3. GenBank (NCBI Data Model)
GenBank is the NIH genetic sequence database, an annotated collection of all publicly available DNA sequences.
4. BLAST
BLAST (Basic Local Alignment Search Tool) is a set of similarity search programs, designed to explore all of the available sequence databases regardless of whether the query is protein or DNA (or soon RNA).
• Blast Types
1. blastn - for nucleotide - nucleotide comparisons
2. blastp - for protein - protein comparisons
3. blastx - compares the nucleotide sequence "against nr translated into hypothetical
proteins
4. tblastn - compares the protein sequence" against the nr nucleotide database translated into hypothetical proteins in all six reading frames
5. tblastx - compares the nucleotide sequence" translated in all six reading frames against the nr nucleotide translated in all six reading frames.
BLAST:
BLAST stands for Basic Local Alignment Search Tool.
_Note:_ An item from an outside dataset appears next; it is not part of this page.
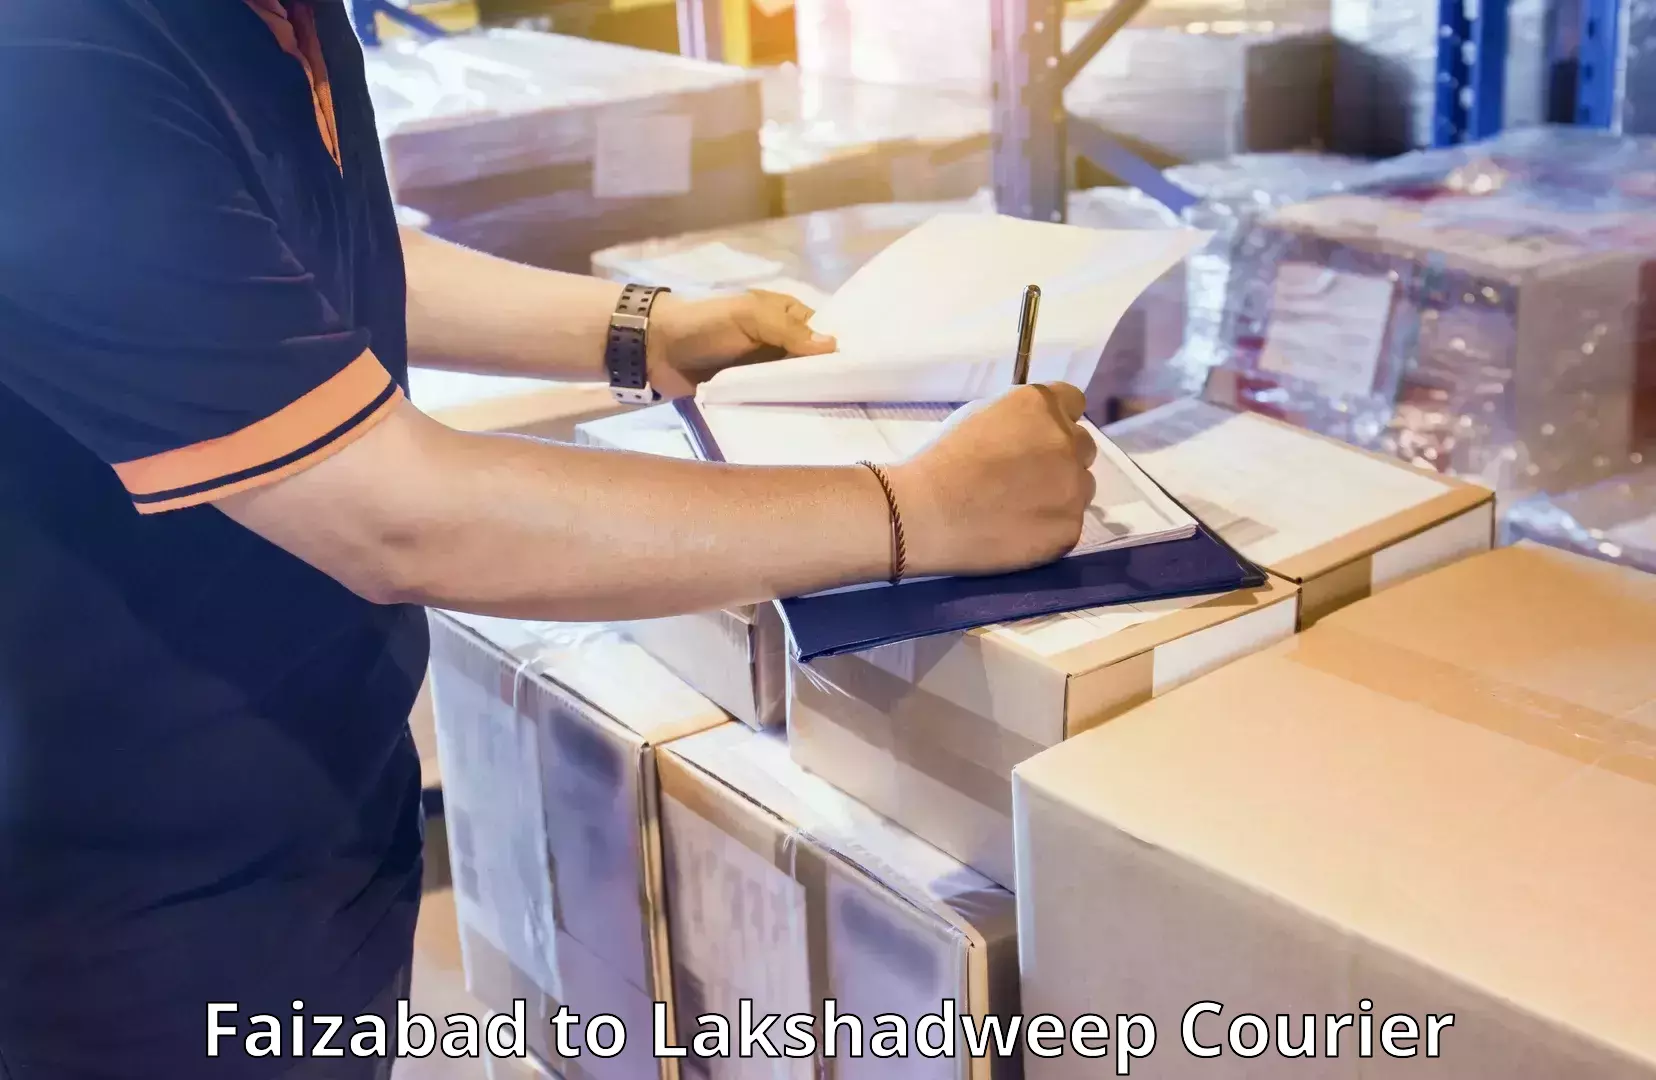 Instant baggage transport quote Faizabad to Lakshadweep

This searches for similarity between a query sequence and the sequences deposited in National Center for Biotechnology Information (NCBI) website. The putative genes in the query sequence can be detected based on the sequence homology of the deposited sequences. BLAST is popular as a bioinformatics tool due to its ability to identify regions of local similarity between two sequences quickly. BLAST calculates an expectation value, which estimates the number of matches between two sequences. It uses the local alignment of sequence.
BLAT:
The BLAST-Like Alignment Tool (BLAT) is used to find genomic sequences that match a protein or DNA sequence submitted by the user. BLAT is typically used for searching similar sequences within the same or closely related species
Uses:
BLAT’s speed is one of its main advantages. It is useful for quickly finding the genome location of a genomic, mRNA or protein sequence.
What are the differences between BLAT and BLAST?
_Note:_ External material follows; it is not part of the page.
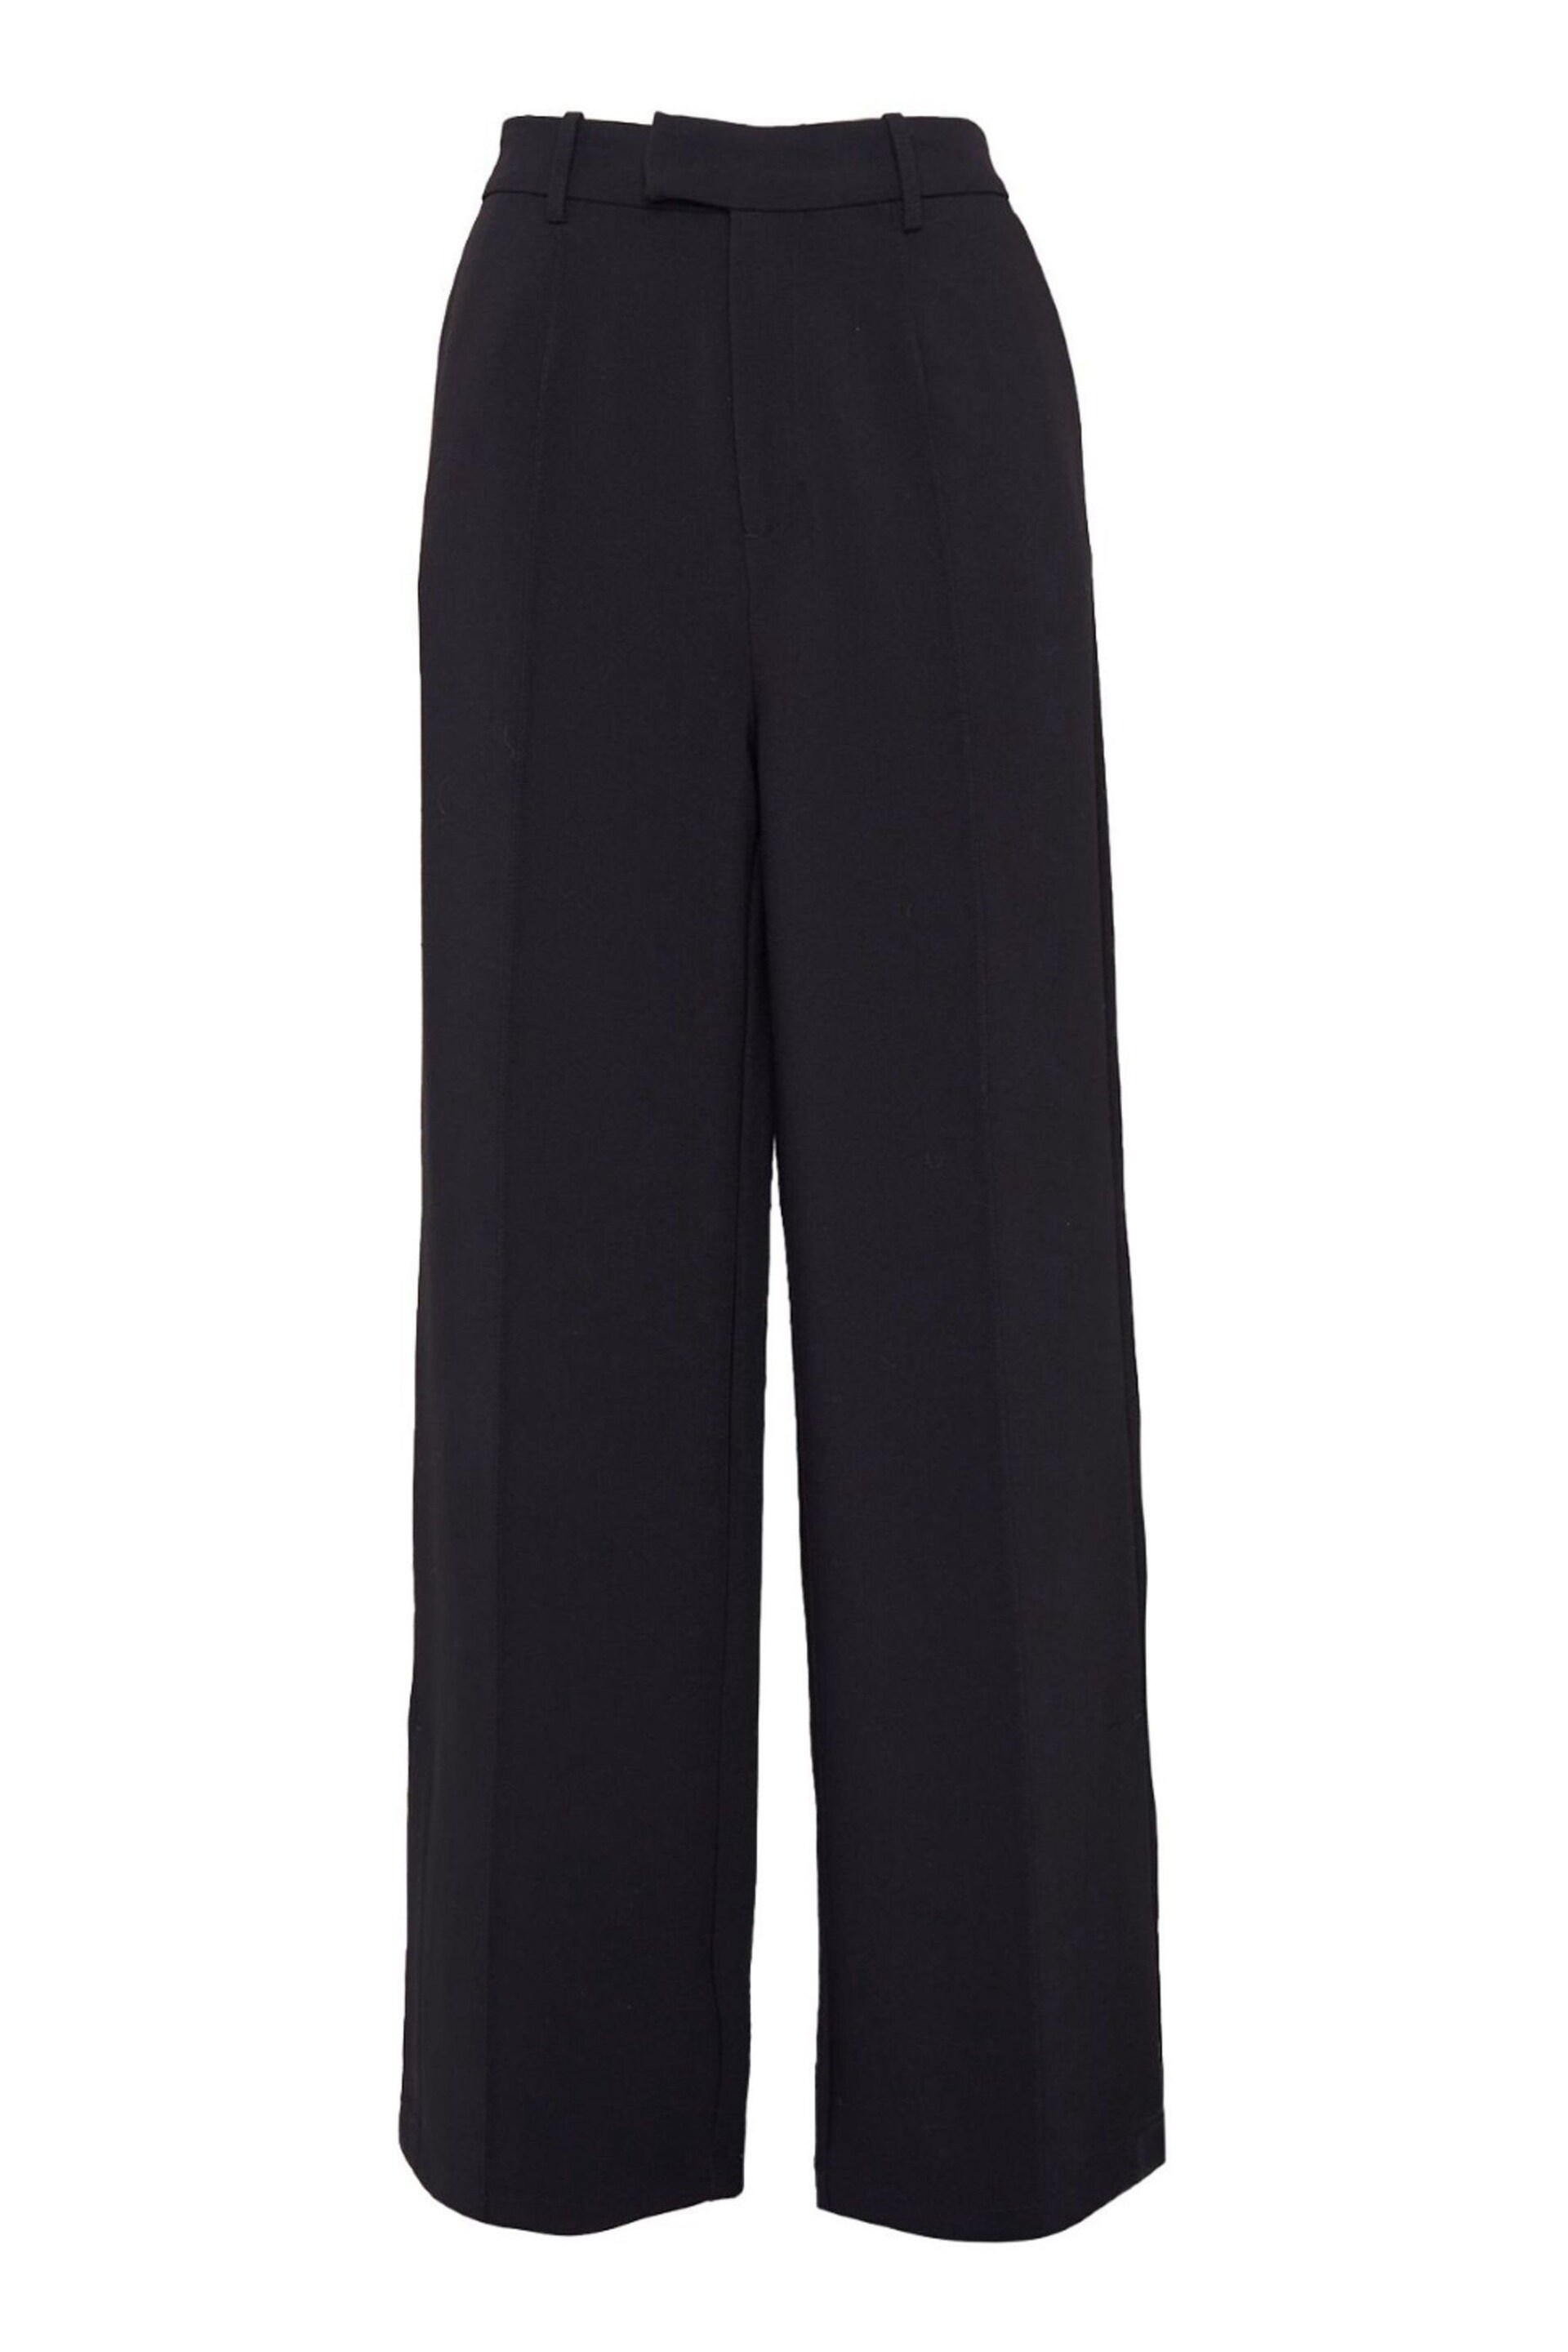 Another Sunday Wide Leg Split Side Black Trousers - Image 3 of 5

BLAT is an alignment tool like BLAST, but it is structured differently. On DNA, BLAT works by keeping an index of an entire genome in memory. Thus, the target database of BLAT is not a set of GenBank sequences, but instead an index derived from the assembly of the entire genome. By default, the index consists of all non-overlapping 11-mers except for those heavily involved in repeats, and it uses less than a gigabyte of RAM. This smaller size means that BLAT is far more easily mirrored than BLAST. Blat of DNA is designed to quickly find sequences of 95% and greater similarity of length 40 bases or more. It may miss more divergent or shorter sequence alignments.
From a practical standpoint, BLAT has several advantages over BLAST:
• Speed (no queues, response in seconds) at the price of lesser homology depth
• The ability to submit a long list of simultaneous queries in FASTA format
• Five convenient output sort options
• A direct link into the UCSC browser
• Alignment block details in natural genomic order
• An option to launch the alignment later as part of a custom track.
FASTA
• What is FASTA
FASTA is another sequence alignment tool which is used to search similarities between sequences of DNA and proteins. The query sequence is broken down into sequence patterns or words known as ktuples and the target sequences are searched for these k-tuples in order to find the similarities between the two. FASTA is a fine tool for similarity searches. When finding sequence similarities, the best way to conduct your search is to first perform a BLAST search and then go to FASTA. The FASTA file format is widely used as the input method in other sequence alignment tools like BLAST.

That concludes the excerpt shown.